= Data block =
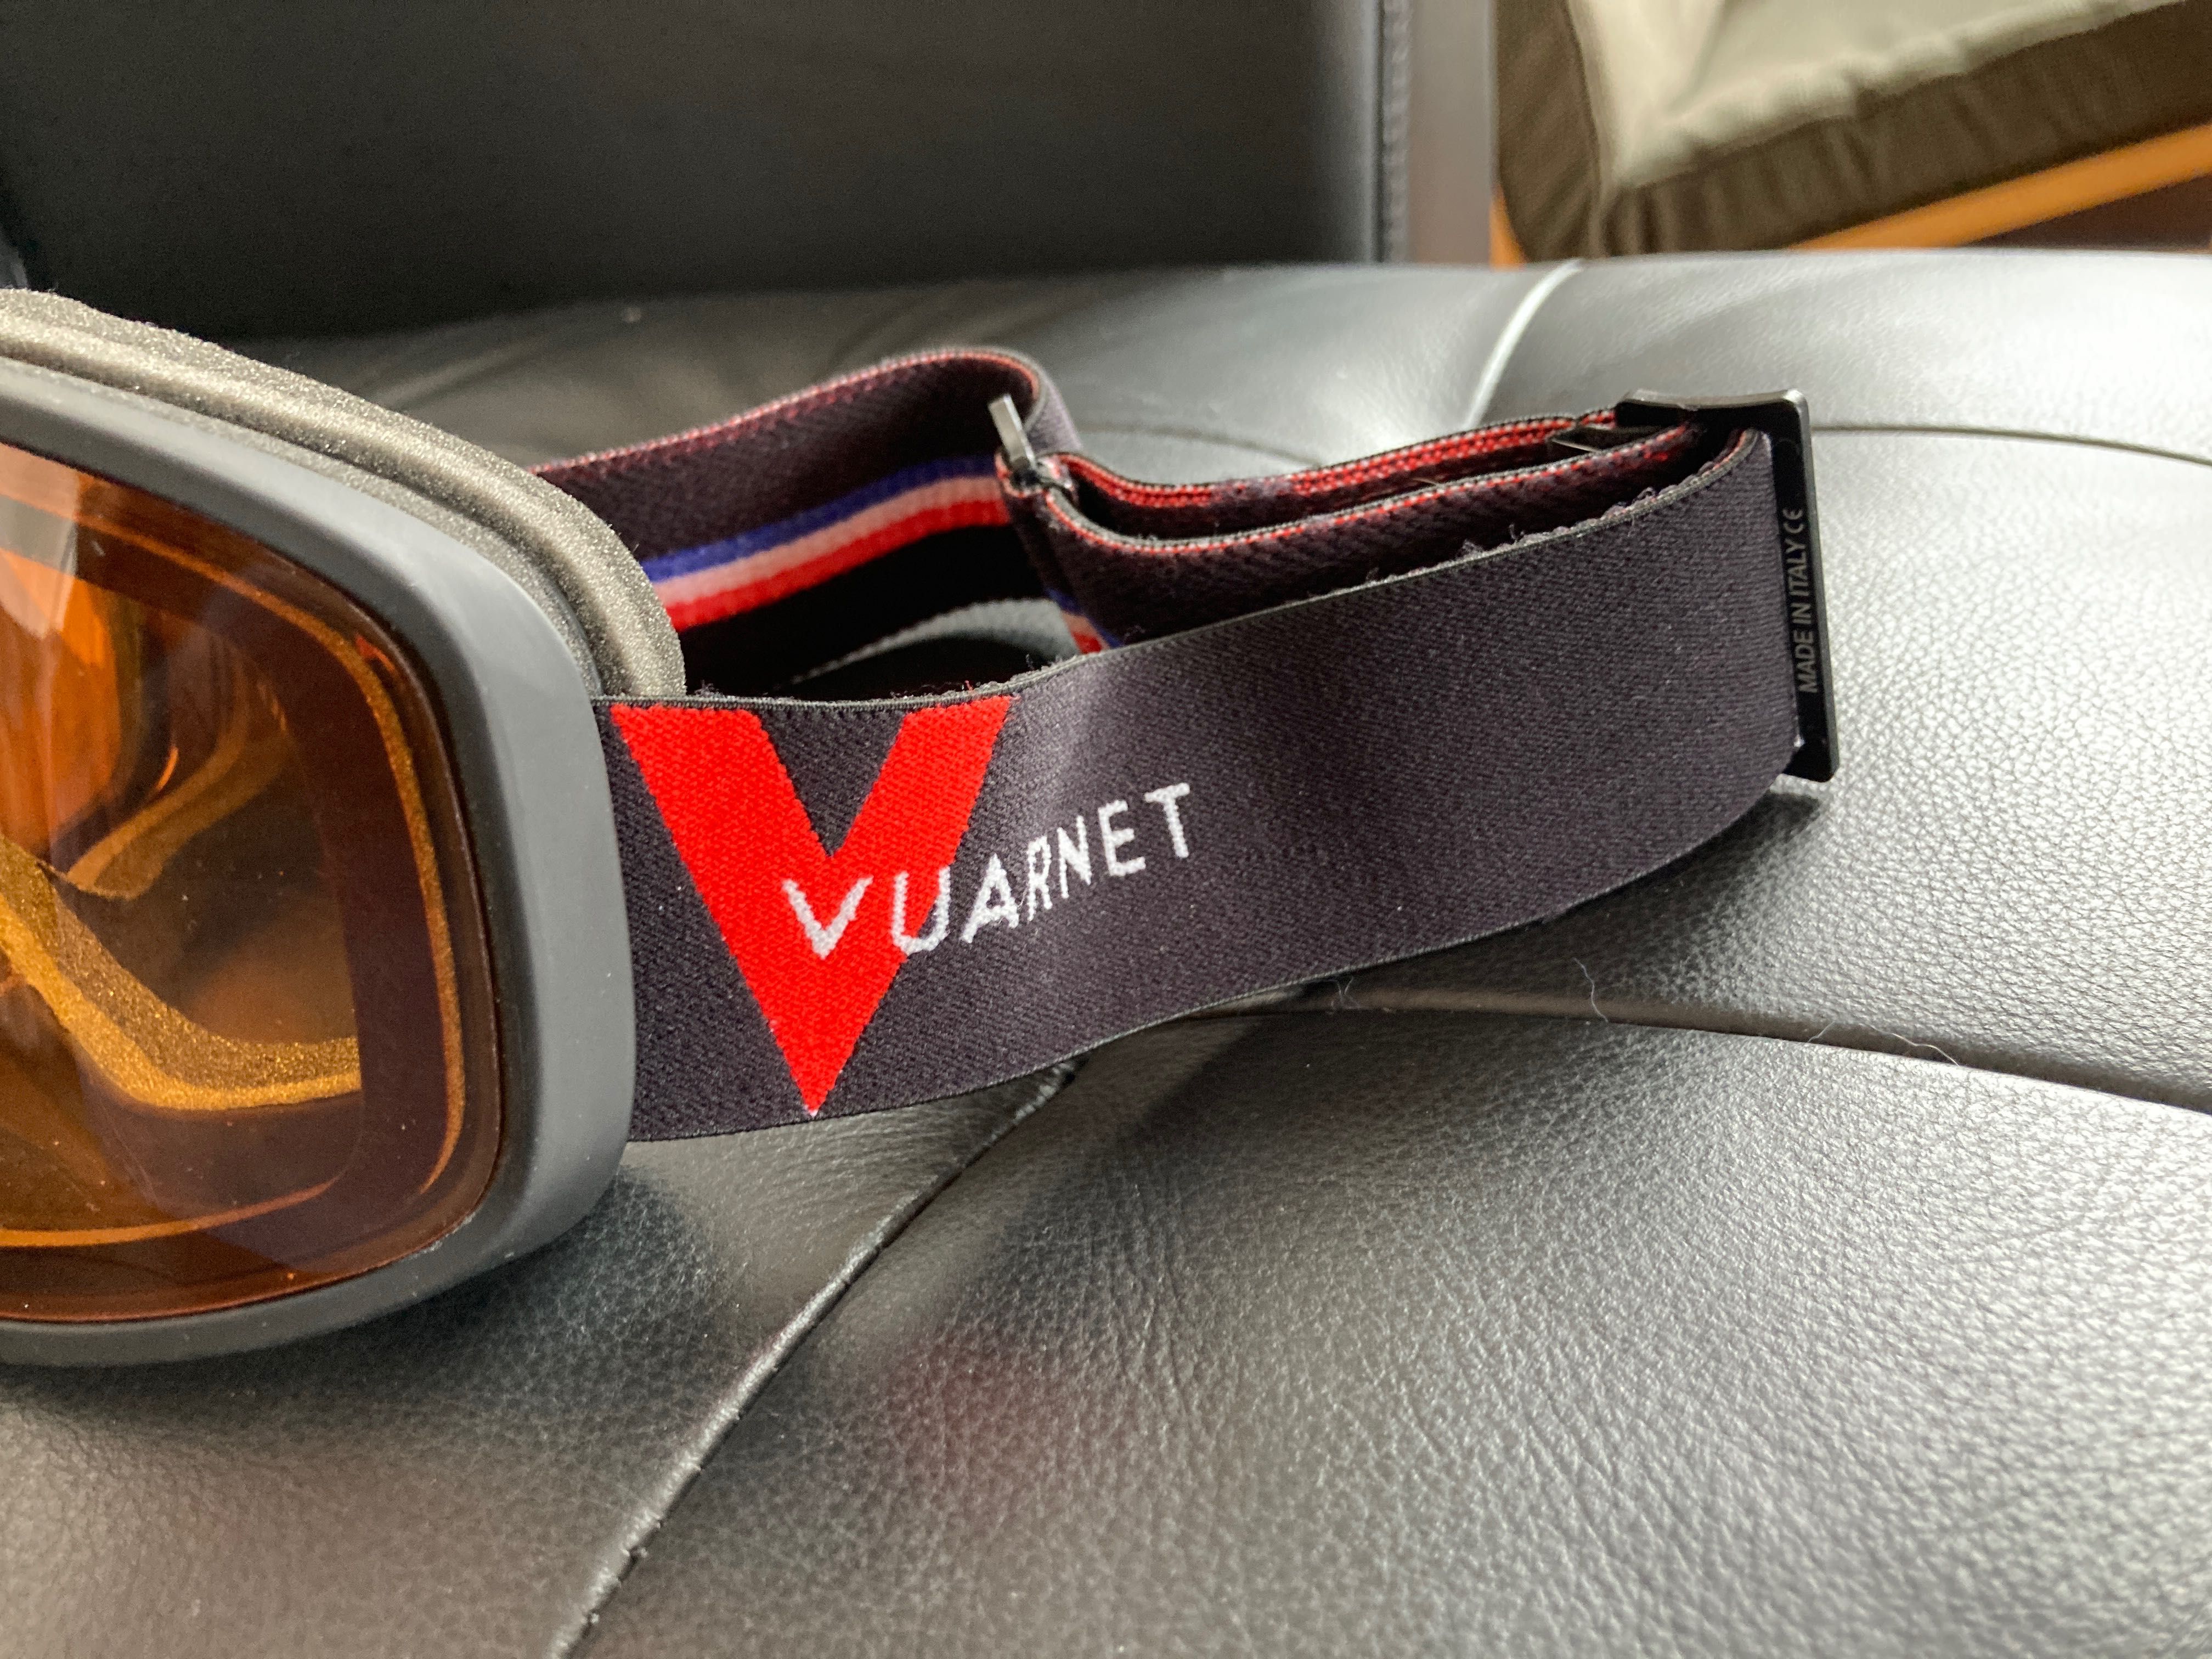 ски очила Vuarnet pro
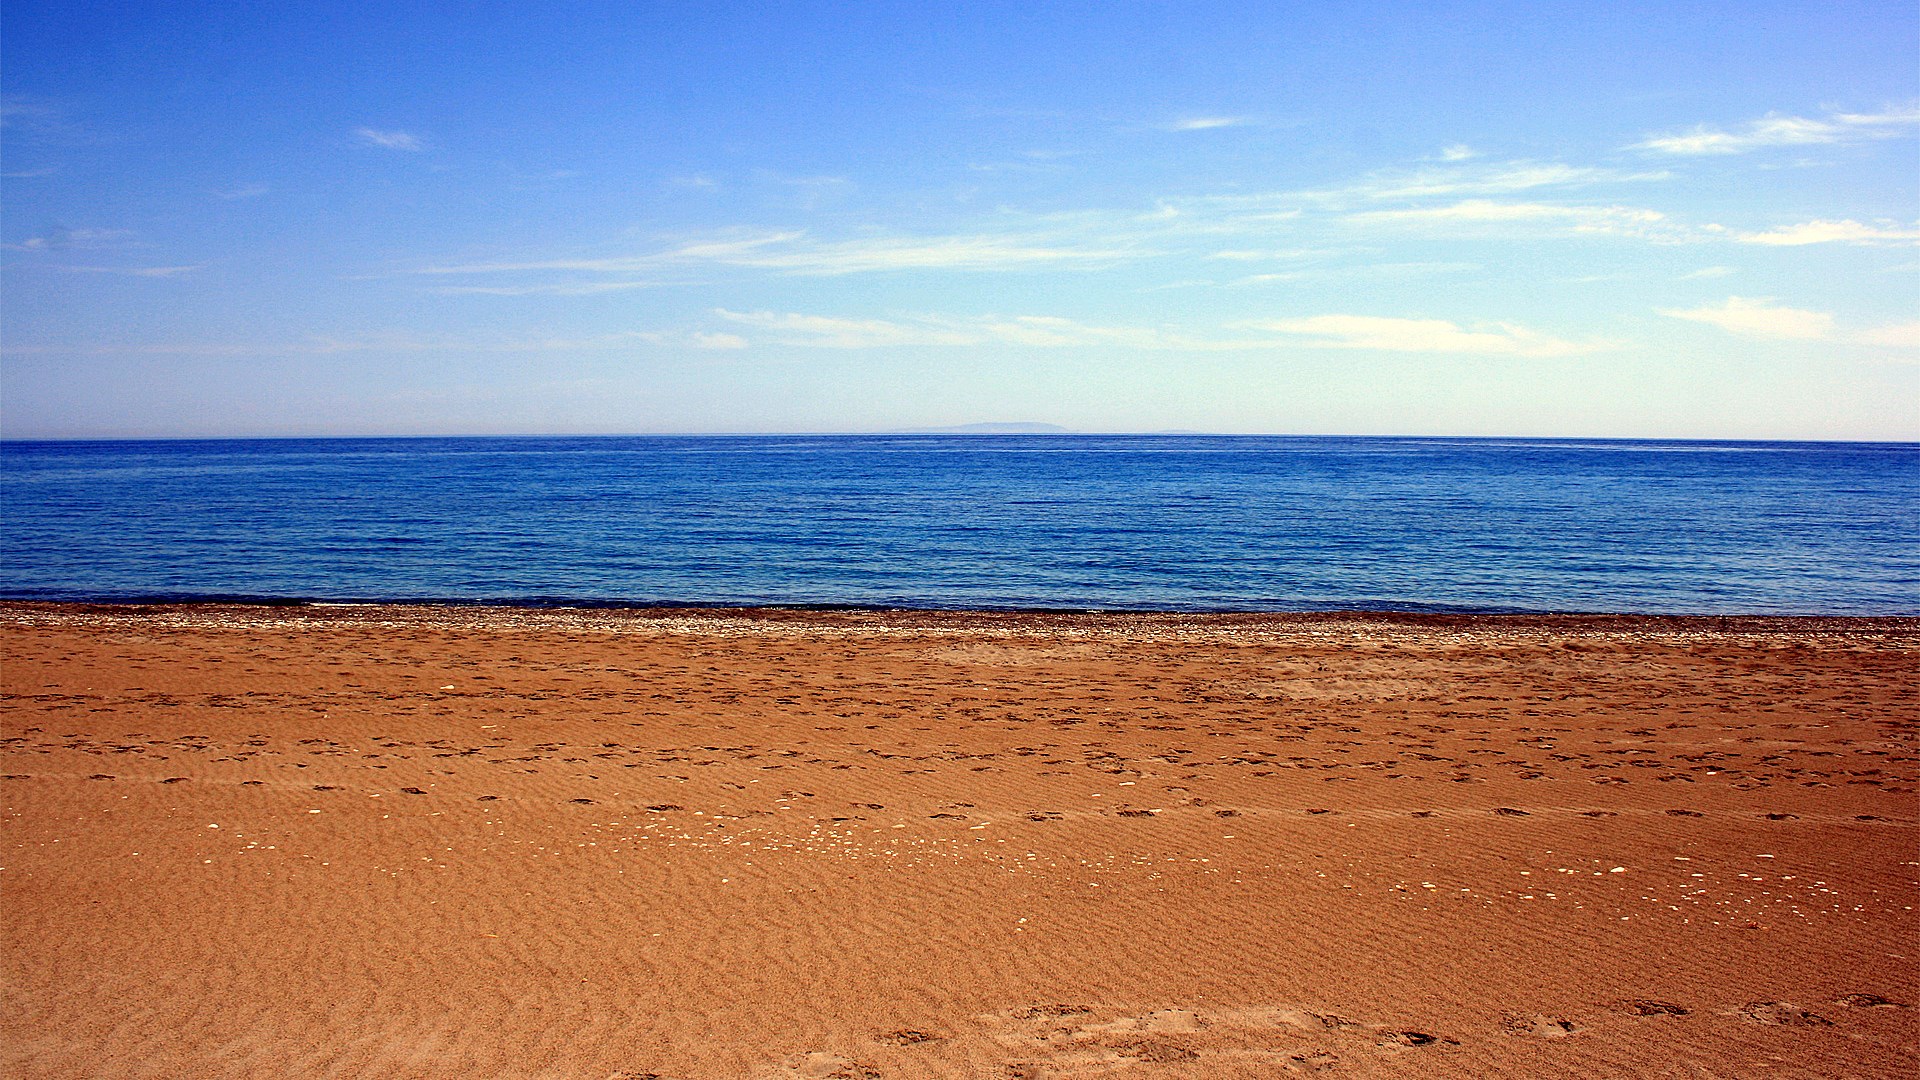 Agia Roumeli, The Peaceful Beach in Southwest Crete | 03 June 2015 | Alargo
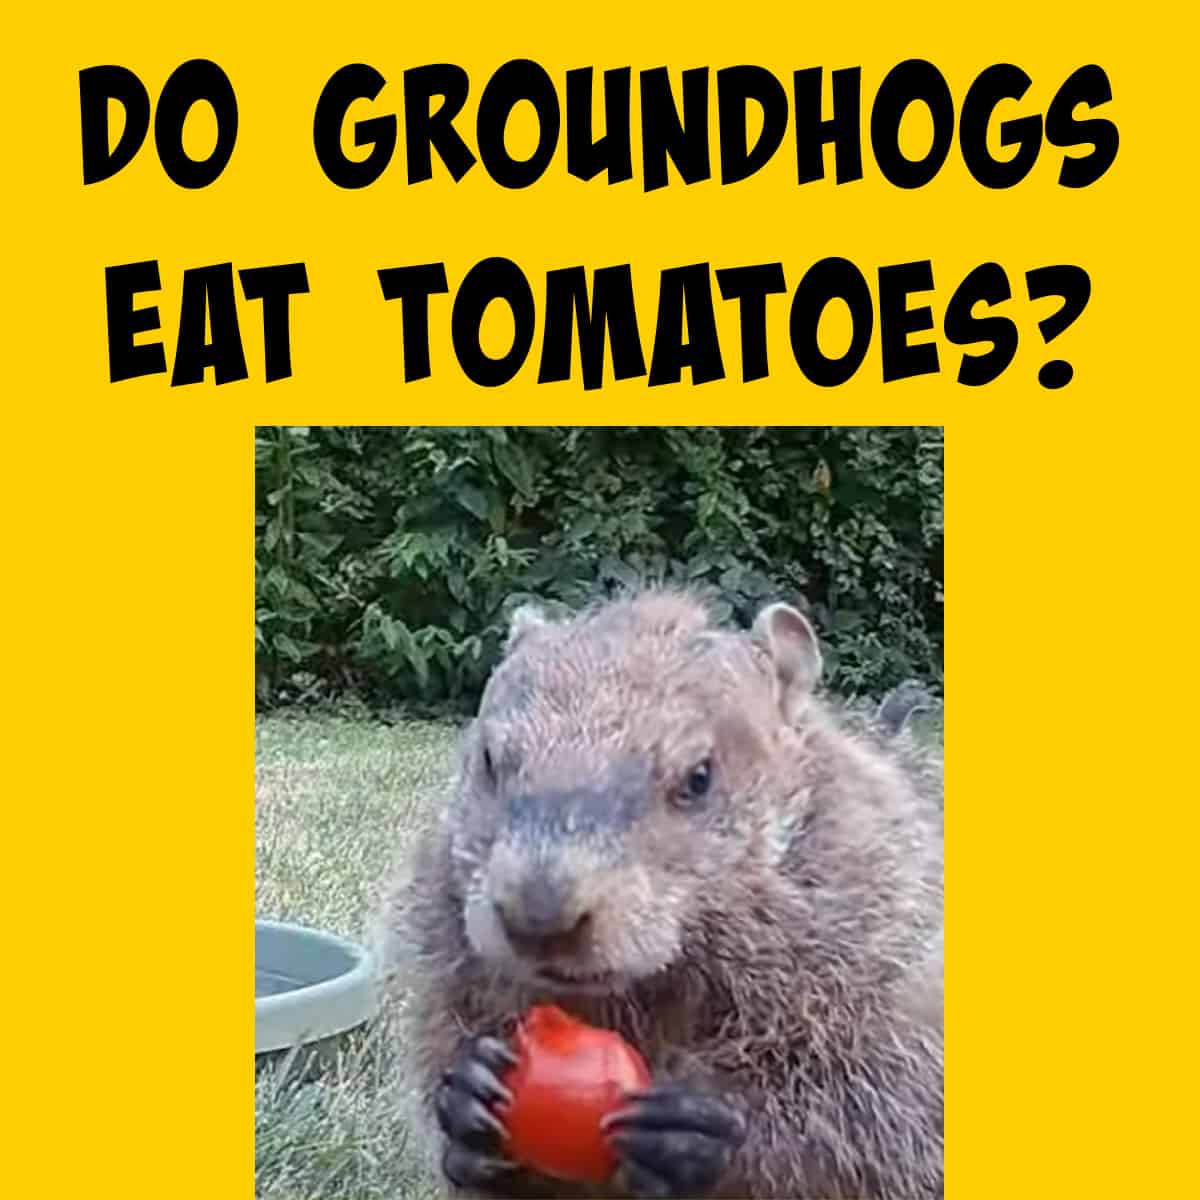 Groundhog Eating a Tomato

= What to work on =
Pictures are to be dropped, and the lines from the line with "Agia Roumeli, The" through the end of the material above are to be reproduced exactly.

= Written solution =
 Agia Roumeli, The Peaceful Beach in Southwest Crete | 03 June 2015 | Alargo
 Groundhog Eating a Tomato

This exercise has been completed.